Recepções e audiências. Visitas de dignitários estrangeiros? Salvo excepções, que divulgarei em breve, que não ultrapassarão o singular dígito e que incluem Javier Milei, não atendo ninguém. Dado o panorama internacional, a probabilidade de aturar patetas ou pior é elevadíssima. Quanto a delegações nacionais, de sindicalistas, deputados, “personalidades” avulsas e treinadores da bola que conquistaram uma taça no Dubai, podem enviar e-mail que um dia, se me der jeito, não respondo.
Comendas. Julgo que não resta uma alminha em Portugal sem um penduricalho atribuído pelos sucessivos presidentes, donde a questão não se põe.
Comemorações. O 25 de Abril, o 10 de Junho e o 5 de Outubro são efemérides lindas. Por azar, são datas em que estarei ocupado a não receber homólogos uruguaios ou a não participar no aniversário da Casa do Benfica em Carcassonne.
Estilo. Numa curiosa interpretação das obrigações constitucionais, o prof. Marcelo passou 36% dos mandatos a despir-se e a vestir-se em praias repletas de repórteres televisivos. Dado que não vou a praias, e principalmente a praias em que a temperatura do mar se encontre abaixo dos 25 graus, o risco de ser filmado em pelota é reduzido. Prometo igualmente não dançar à frente ou atrás das câmaras, não roubar batatas fritas em restaurantes, não abraçar inocentes, não fingir que sei assentar calçada e não aparecer em todos os “casos” a exigir, com a menor convicção possível, que “se apurem responsabilidades”, “até às últimas consequências” e “doa a quem doer”.

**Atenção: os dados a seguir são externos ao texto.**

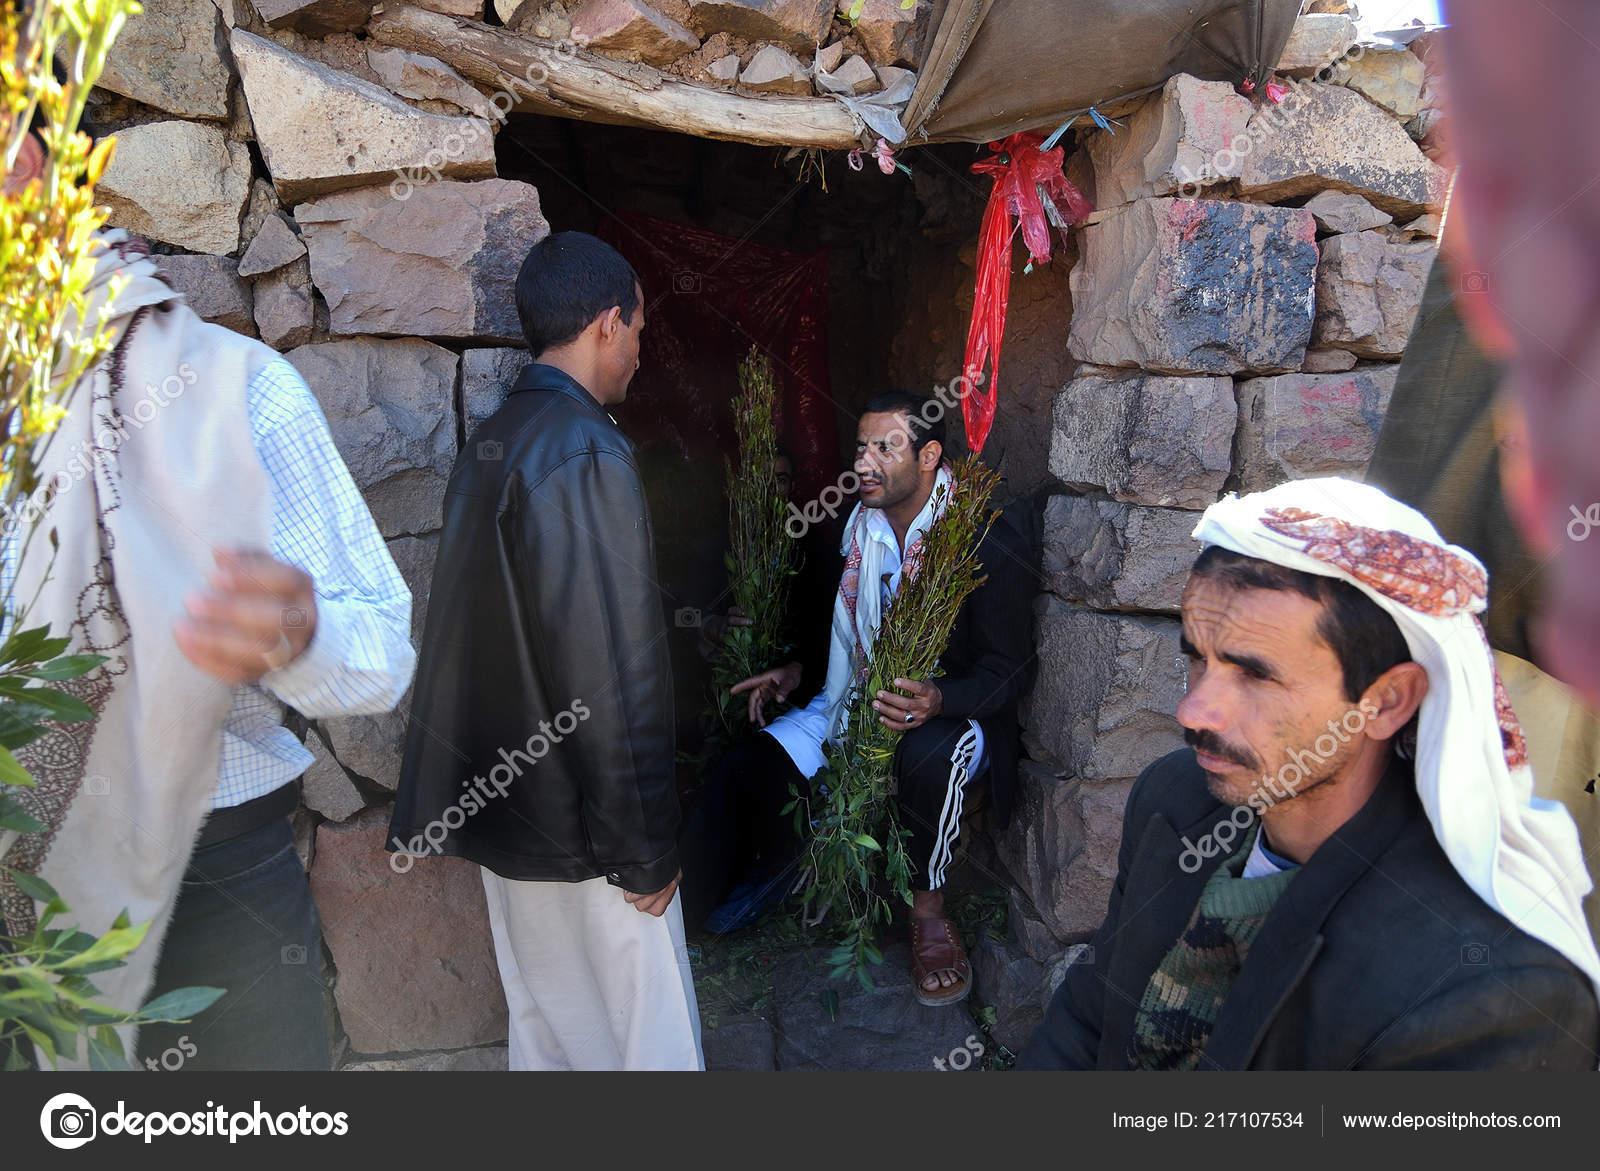 Sanaa Yemen March 2010 Unidentified Dealers Khat Catha
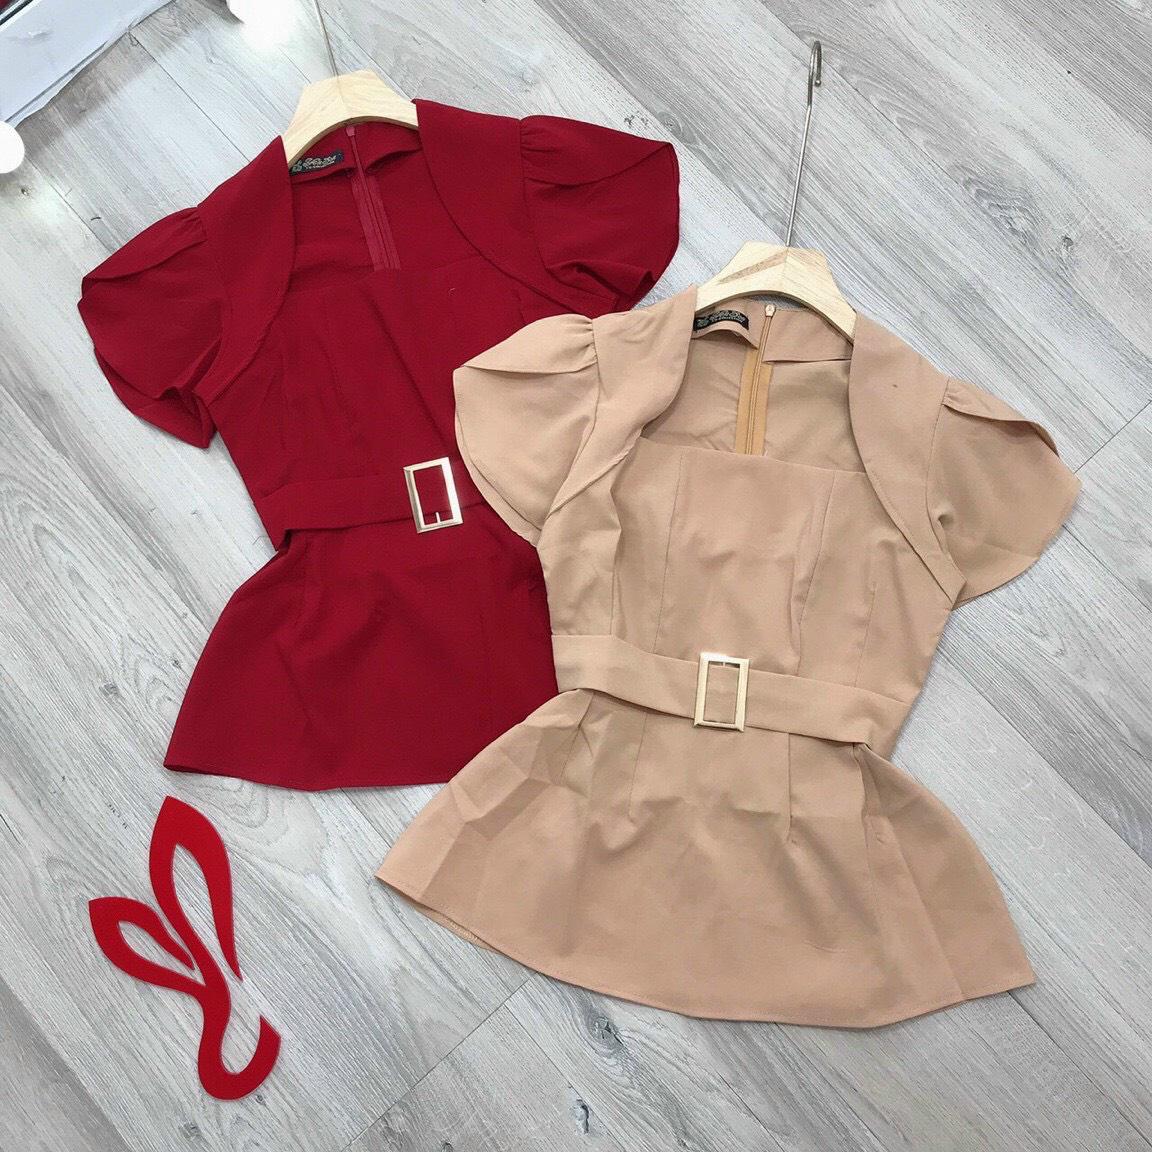 Bảo Duyên Babyhouse - khẳng định phong cách thời trang cho phái nữ - Ảnh 1.

Interpretação dos poderes presidenciais. Cabe ao presidente garantir o “regular funcionamento das instituições democráticas”. Visto que as nossas instituições democráticas regularmente funcionam mal, não me peçam para demitir governos e trabalheiras afins. É notório que não iremos longe independentemente de quem manda, e assim continuará comigo – apenas com menos gastos e, sobretudo, menos embaraços. Os governantes e os portugueses que elegem os governantes não querem reformas: querem a reforma. Eu também. Vote em mim. Make Portugal Mediocre As Usual (os bonés MPMAU não tardam).